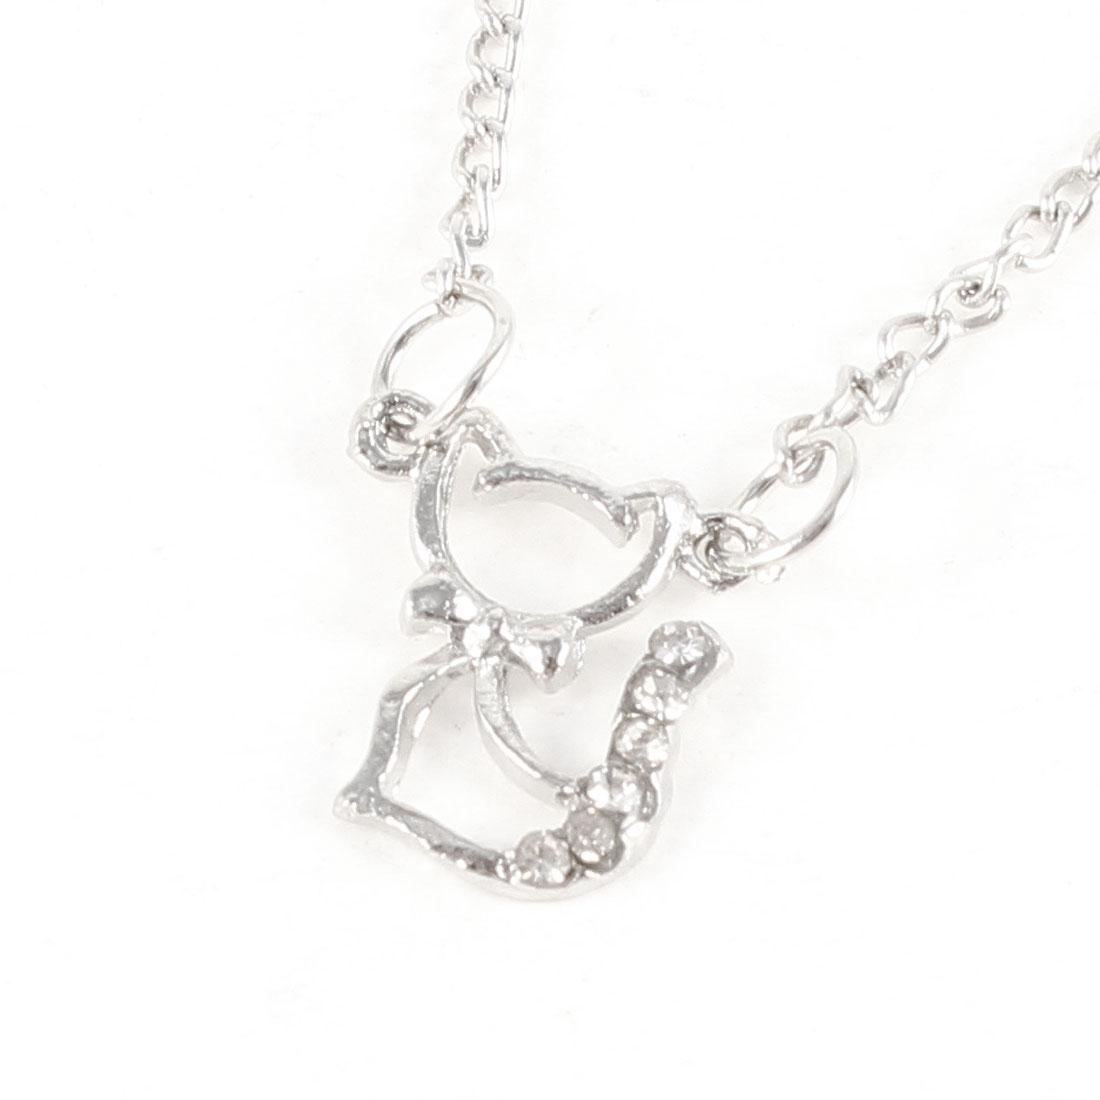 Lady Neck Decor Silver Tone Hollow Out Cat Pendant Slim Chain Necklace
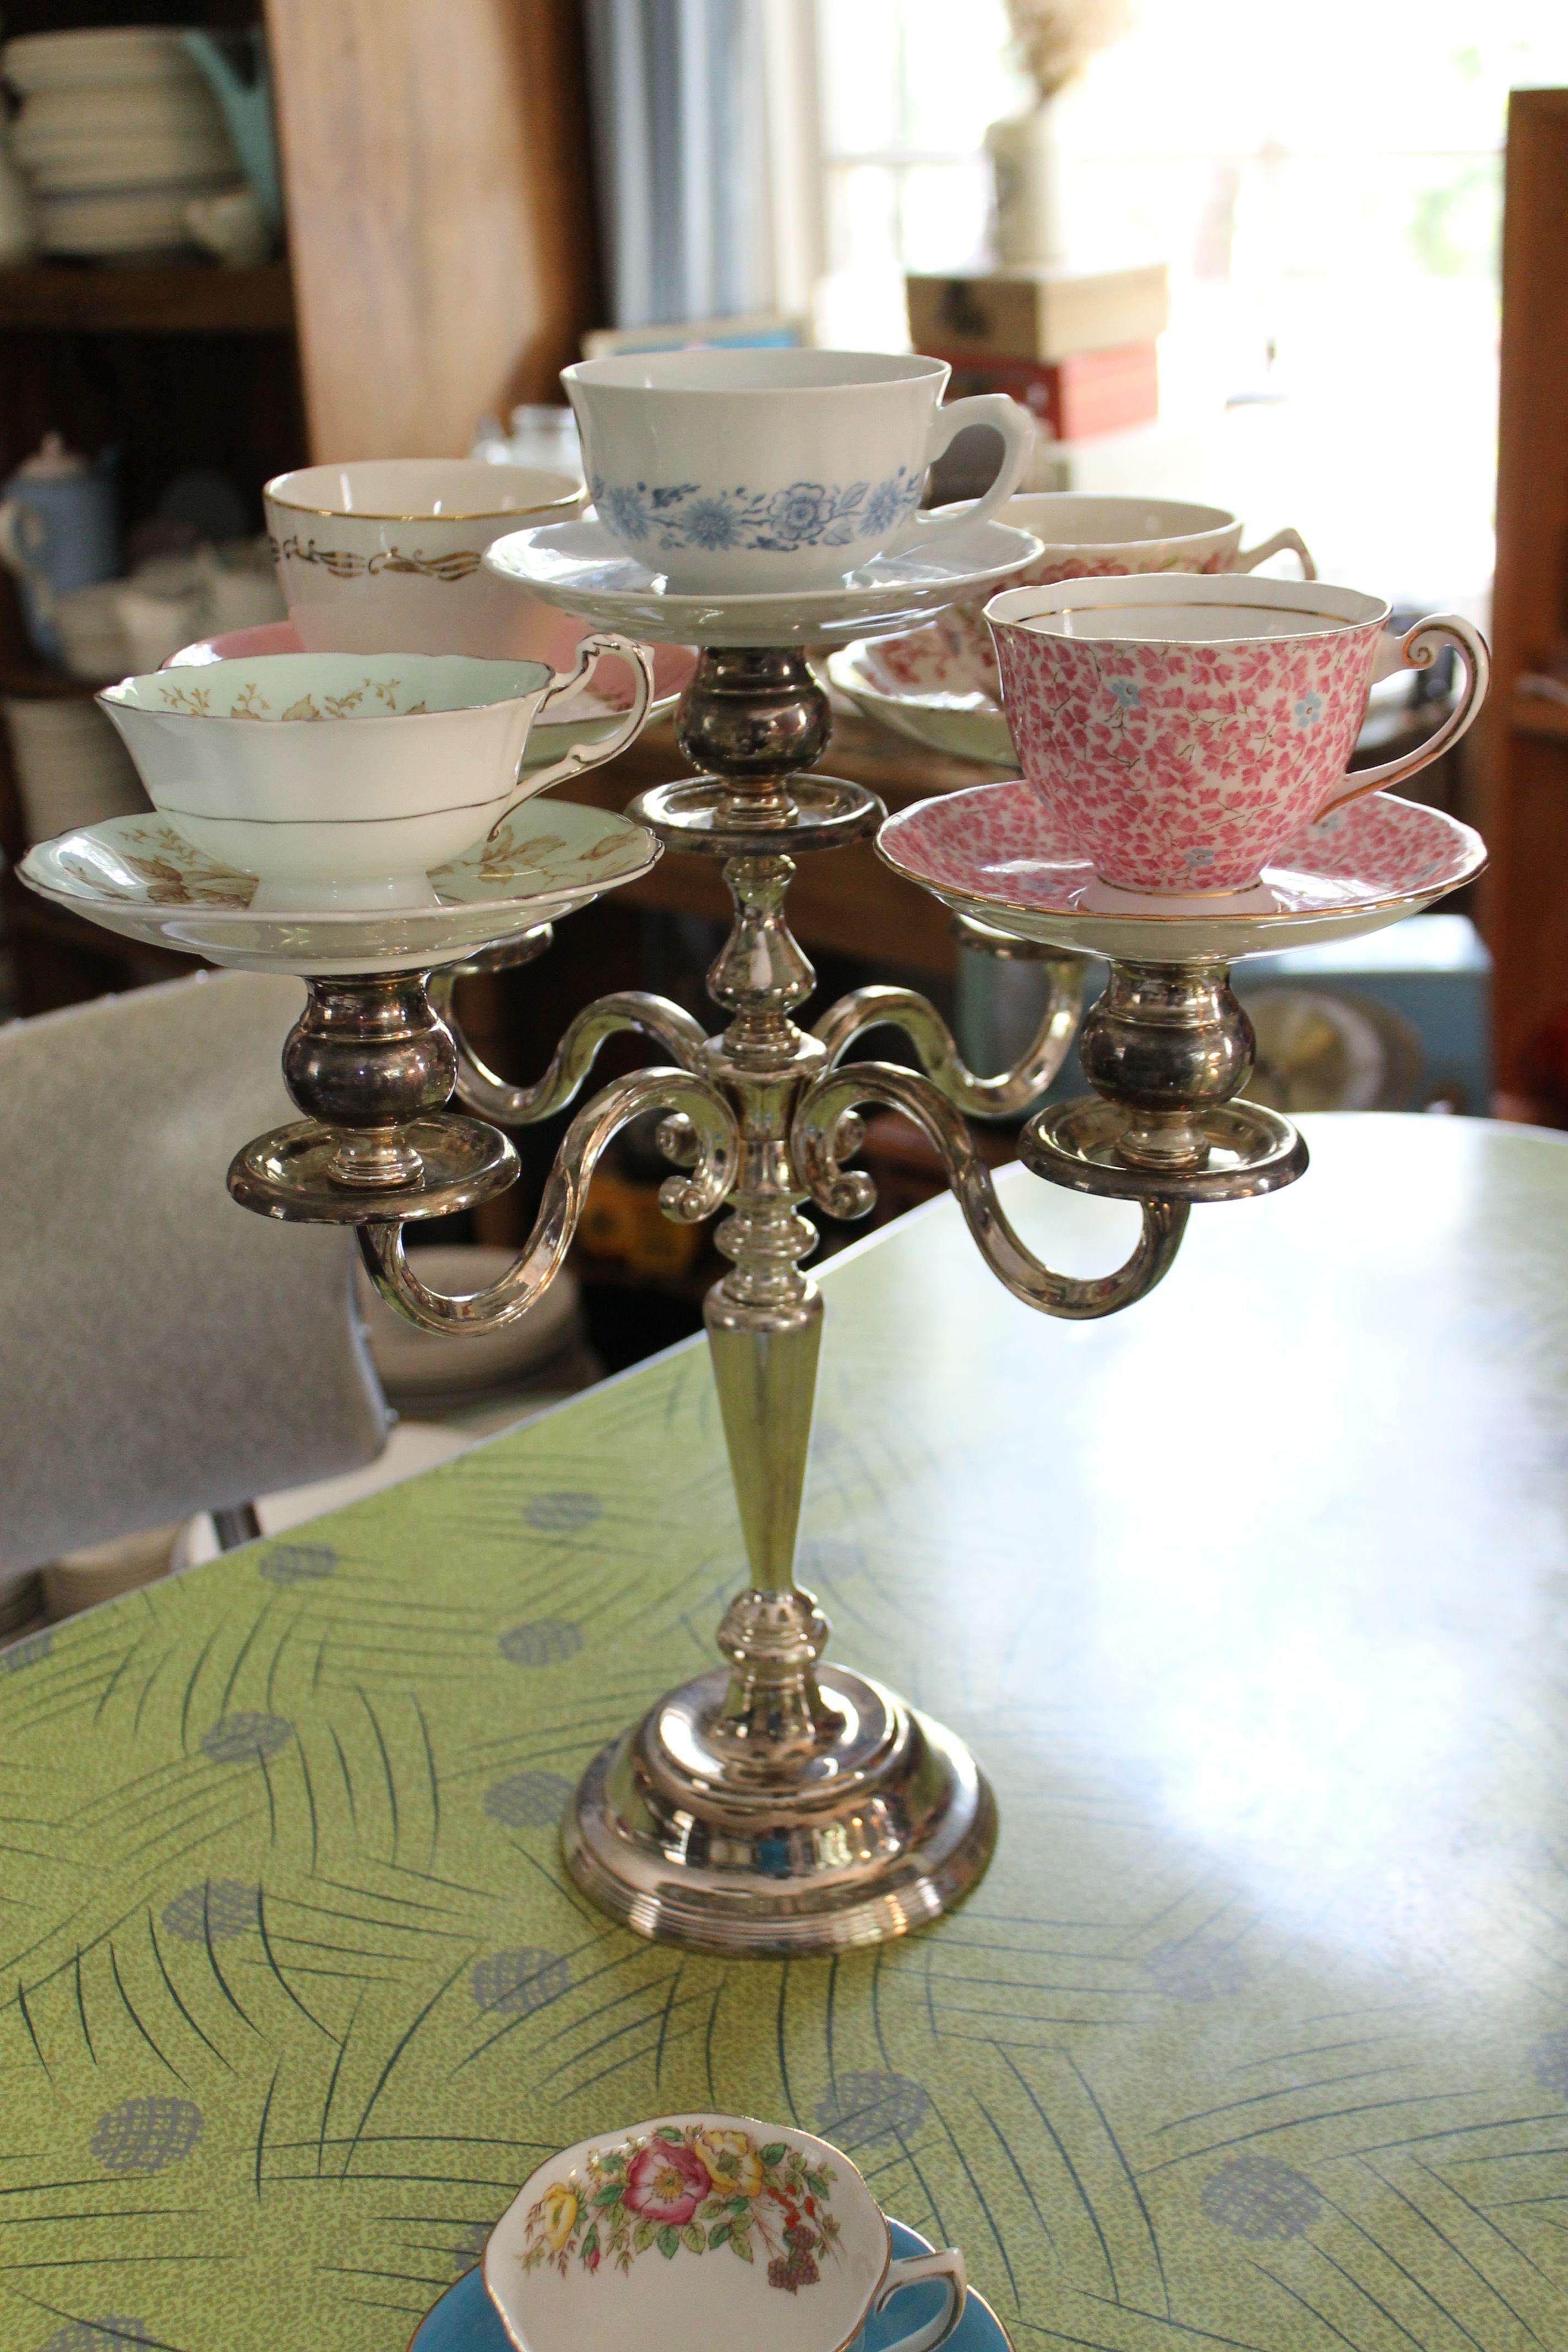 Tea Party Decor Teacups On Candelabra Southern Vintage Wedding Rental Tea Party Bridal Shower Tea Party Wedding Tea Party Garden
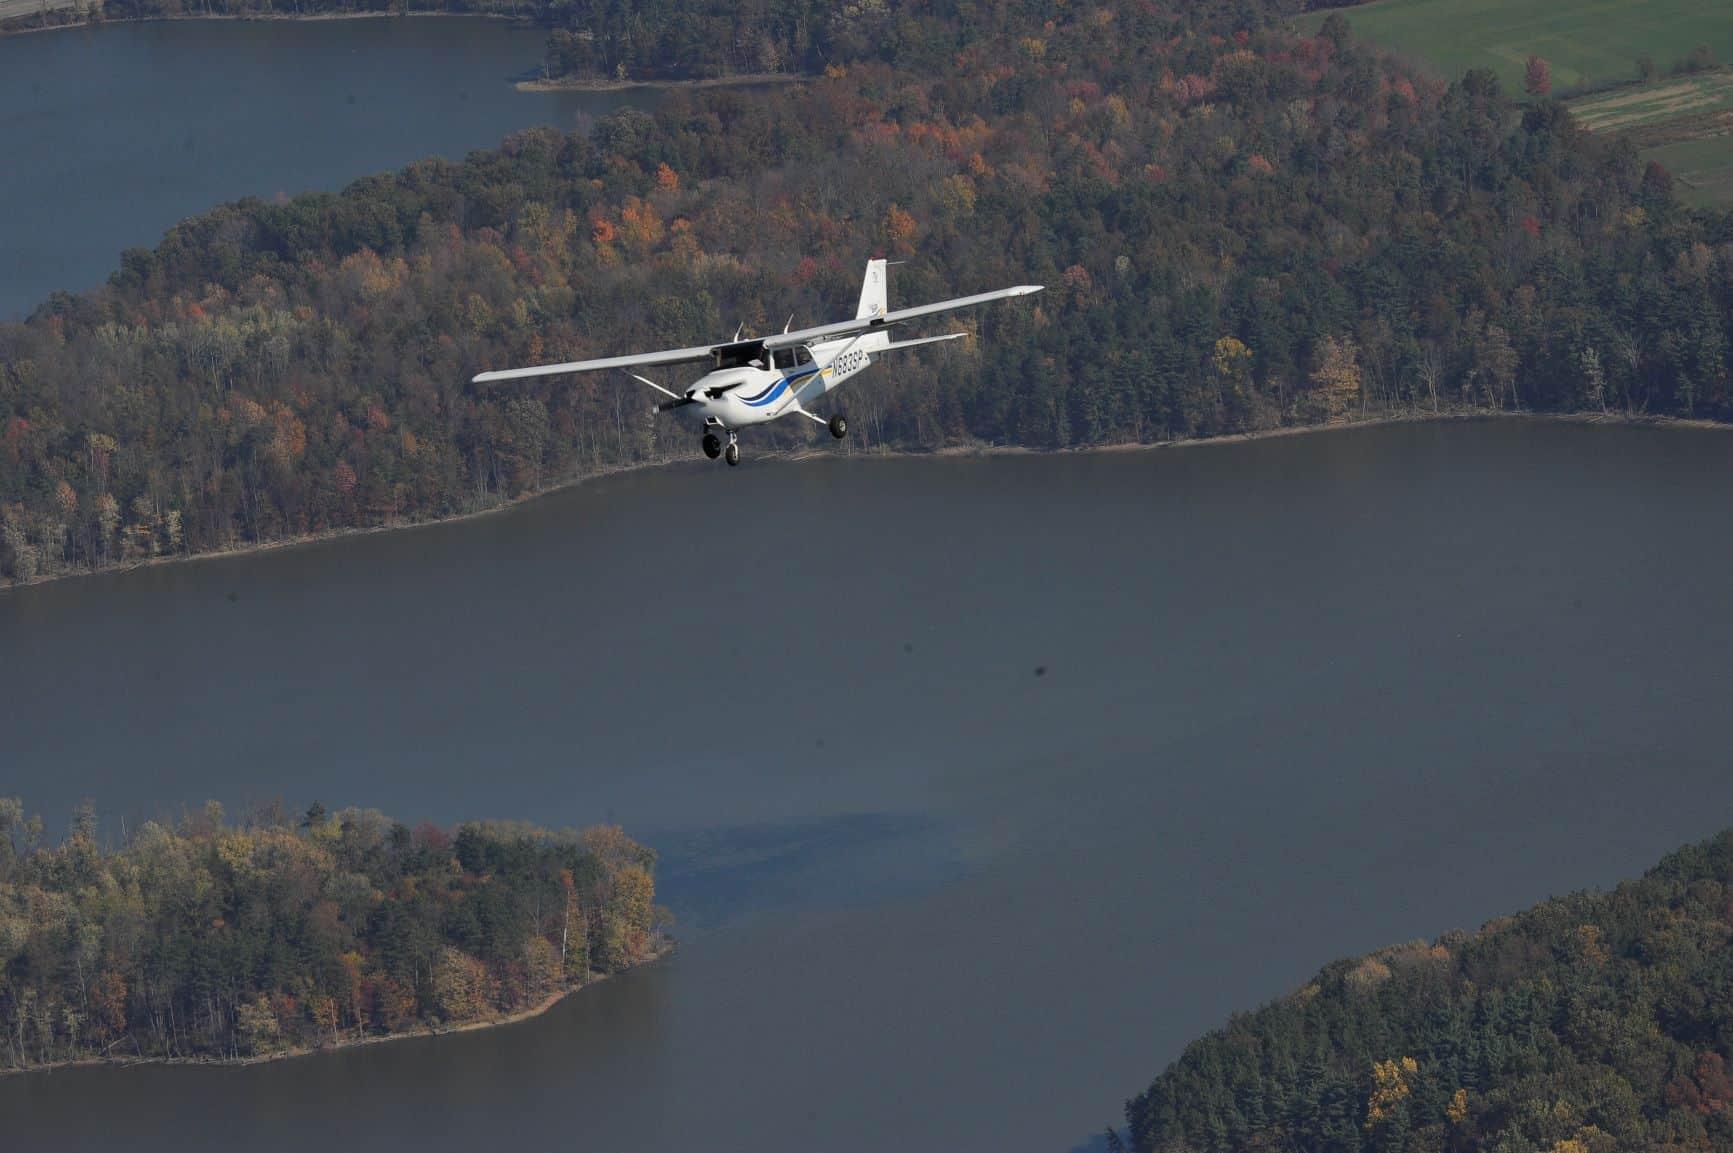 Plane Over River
----
▶ _What you will do_
Write out exactly the lines from the line containing "Tea Party Decor" through the last line of the listing above, please, and leave out any pictures.

▶ _Solution to the exercise_
 Tea Party Decor Teacups On Candelabra Southern Vintage Wedding Rental Tea Party Bridal Shower Tea Party Wedding Tea Party Garden
 Plane Over River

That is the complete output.